Task to complete -
The answer should match the entries that follow exactly, except that no image appears in it.

Records -
━━━

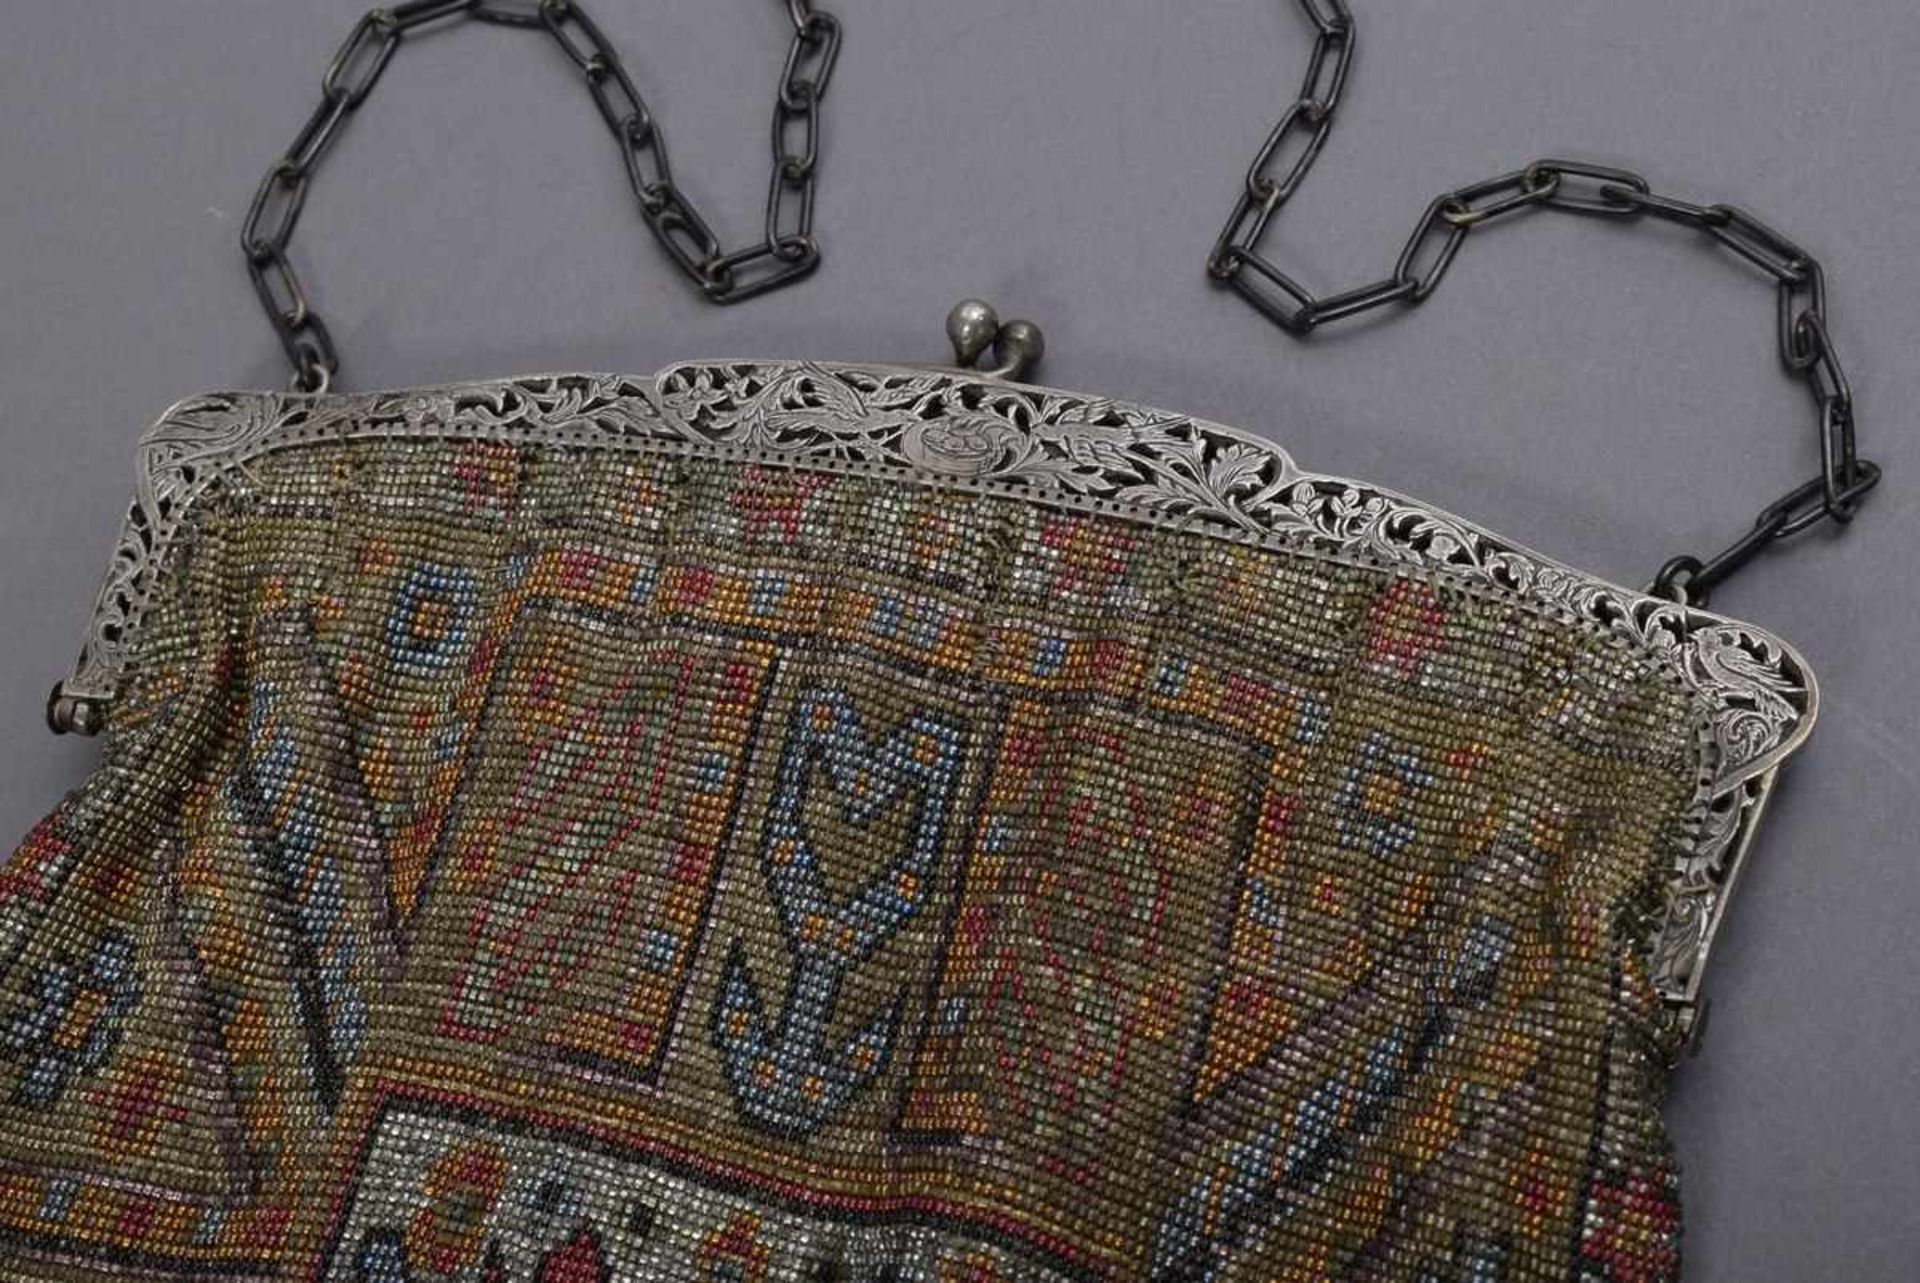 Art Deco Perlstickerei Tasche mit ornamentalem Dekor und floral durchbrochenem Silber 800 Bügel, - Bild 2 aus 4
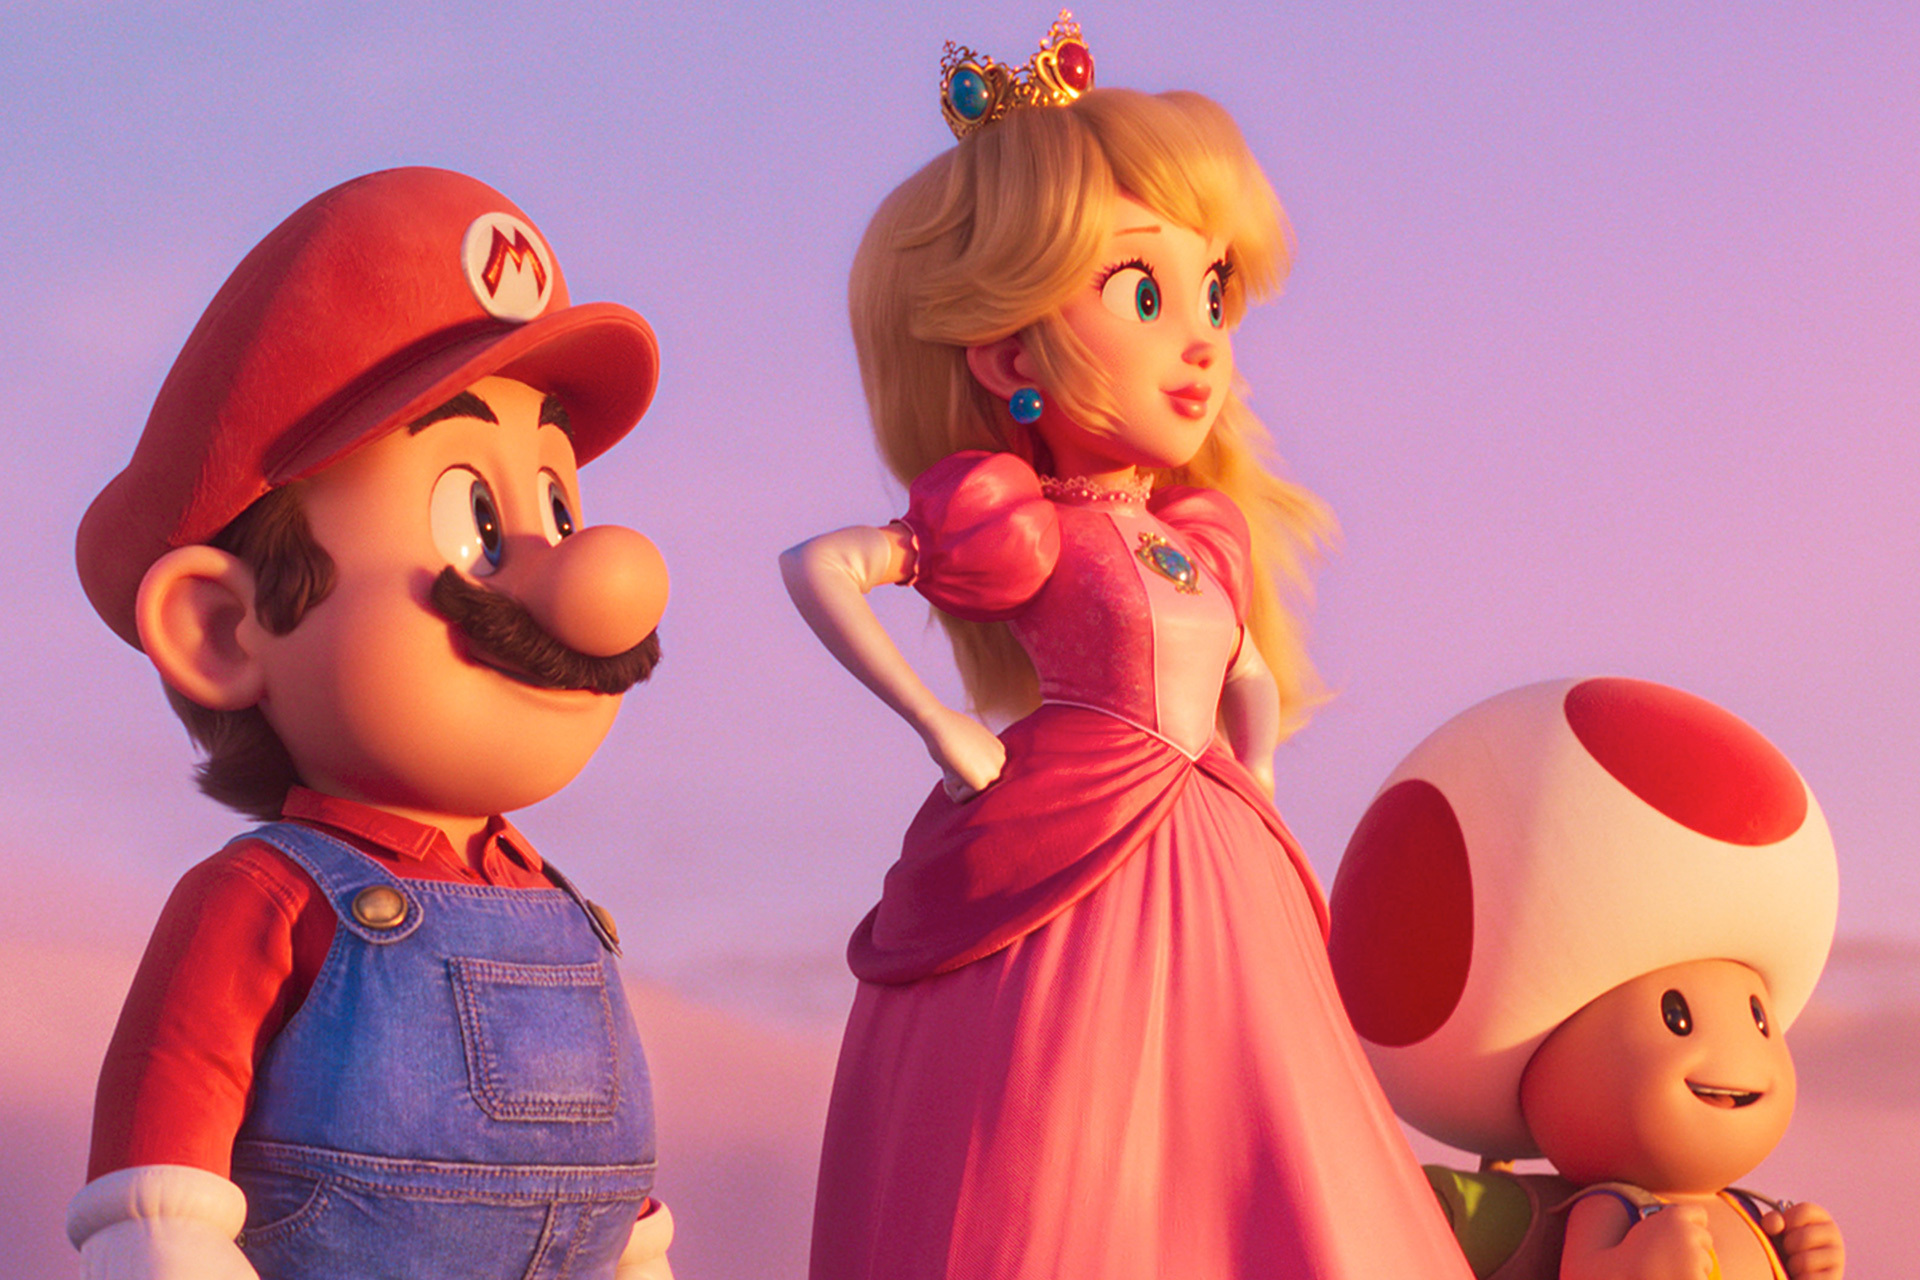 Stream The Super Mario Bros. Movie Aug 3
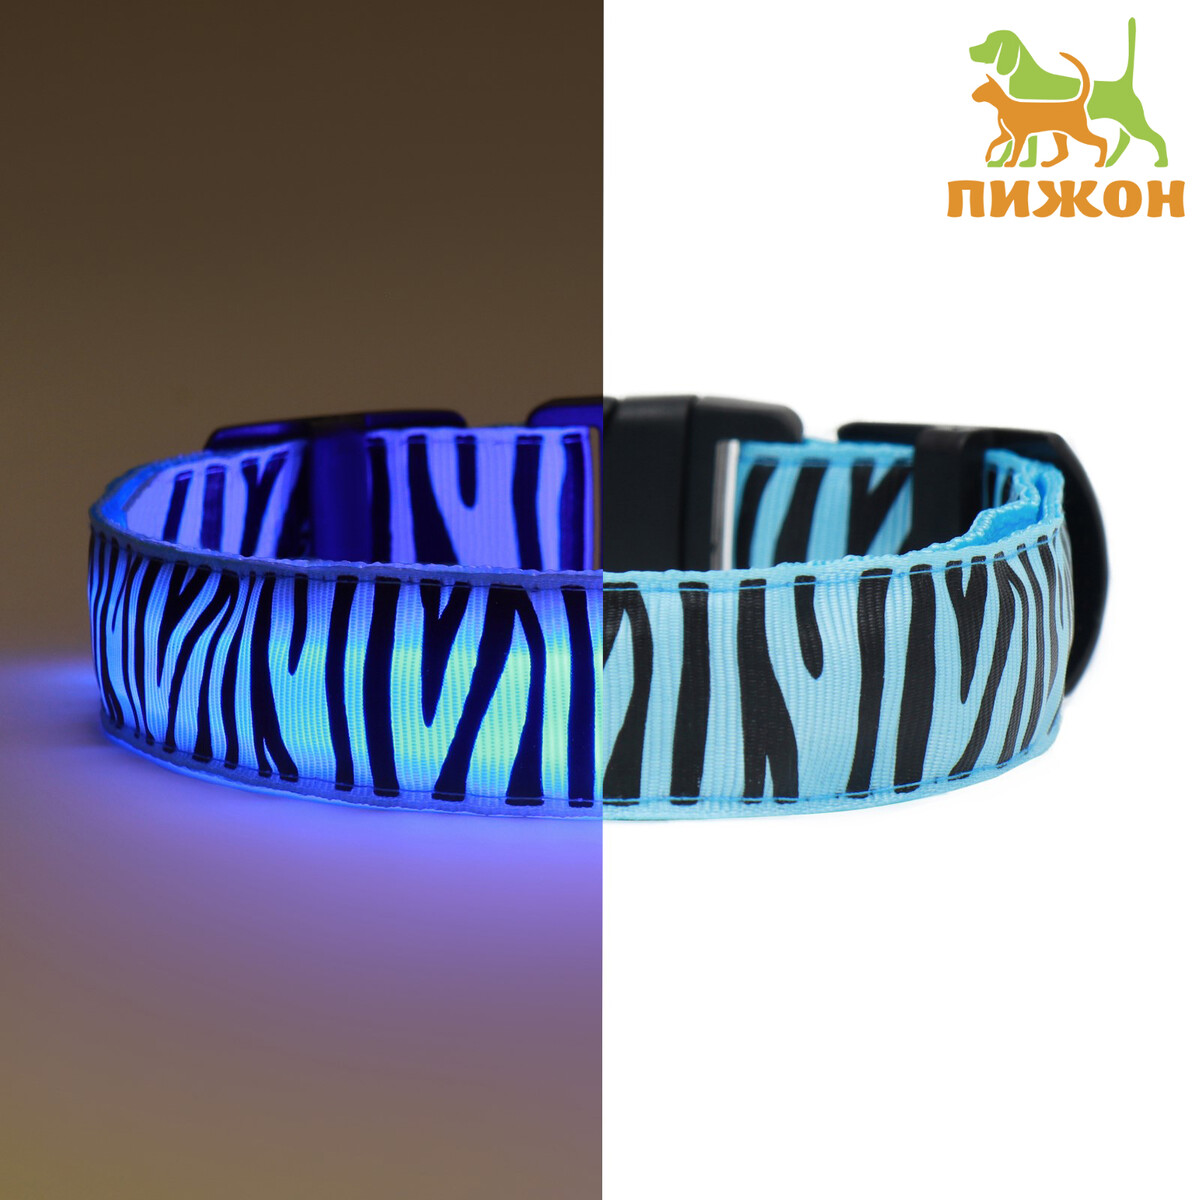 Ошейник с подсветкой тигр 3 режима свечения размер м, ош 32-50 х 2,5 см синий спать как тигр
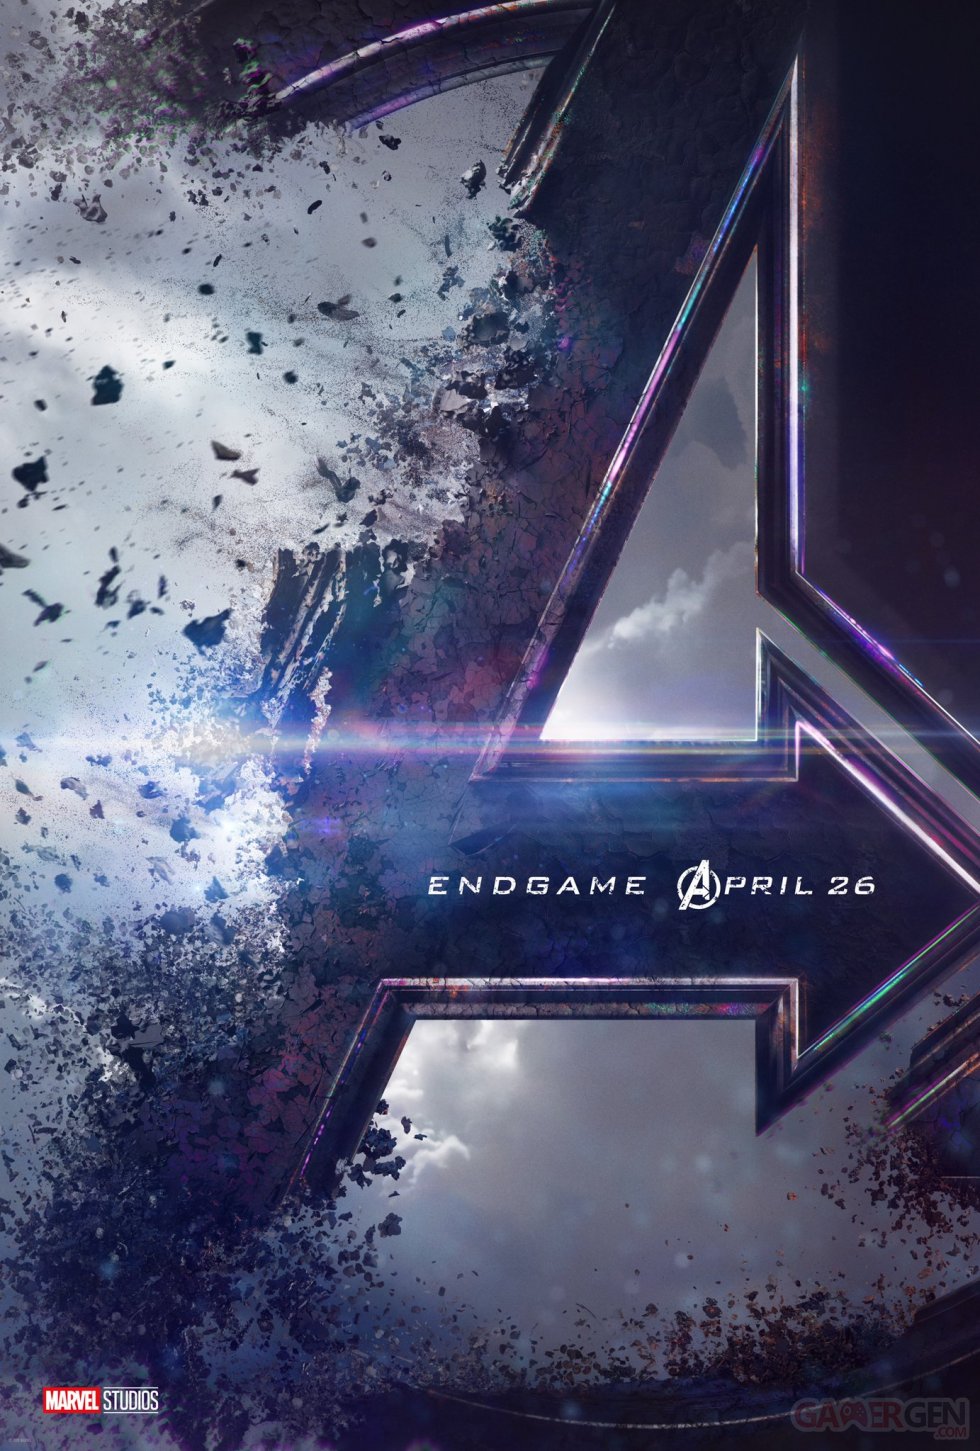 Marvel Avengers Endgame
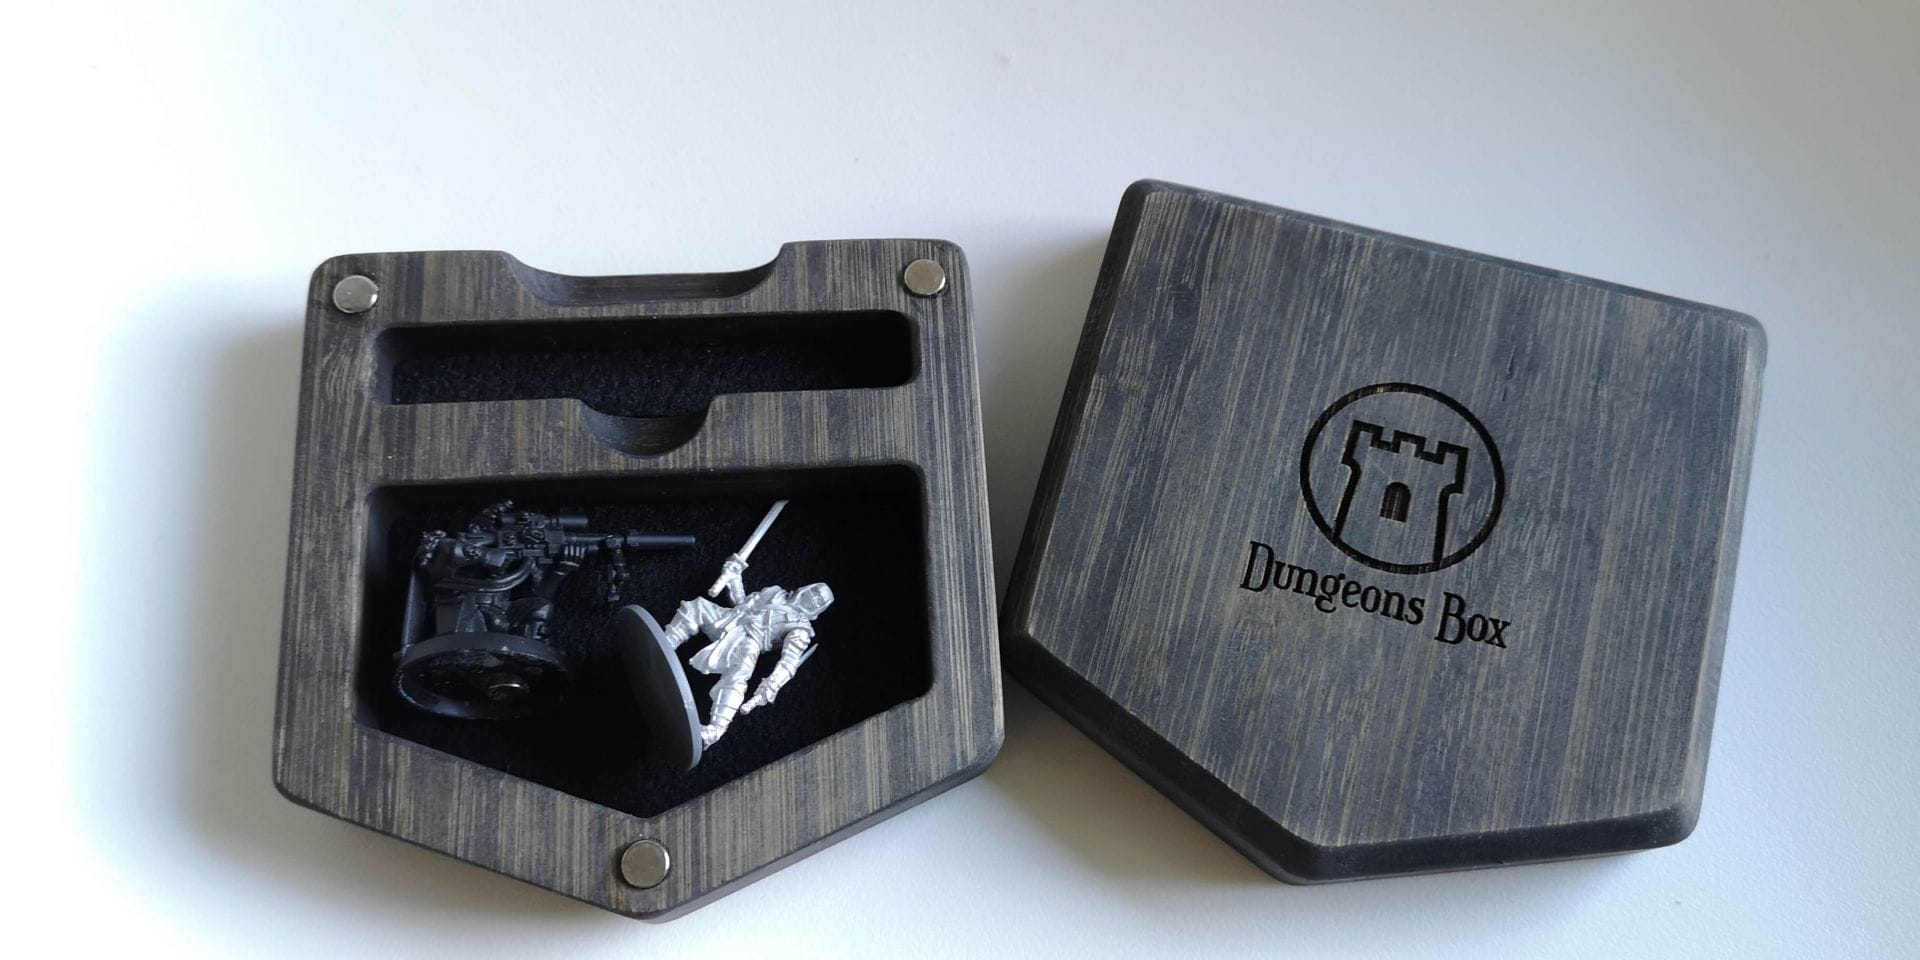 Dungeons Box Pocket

━━━

Expected output -
 Art Deco Perlstickerei Tasche mit ornamentalem Dekor und floral durchbrochenem Silber 800 Bügel, - Bild 2 aus 4
 Stream The Super Mario Bros. Movie Aug 3
 Ошейник с подсветкой тигр 3 режима свечения размер м, ош 32-50 х 2,5 см синий спать как тигр
 Marvel Avengers Endgame
 Dungeons Box Pocket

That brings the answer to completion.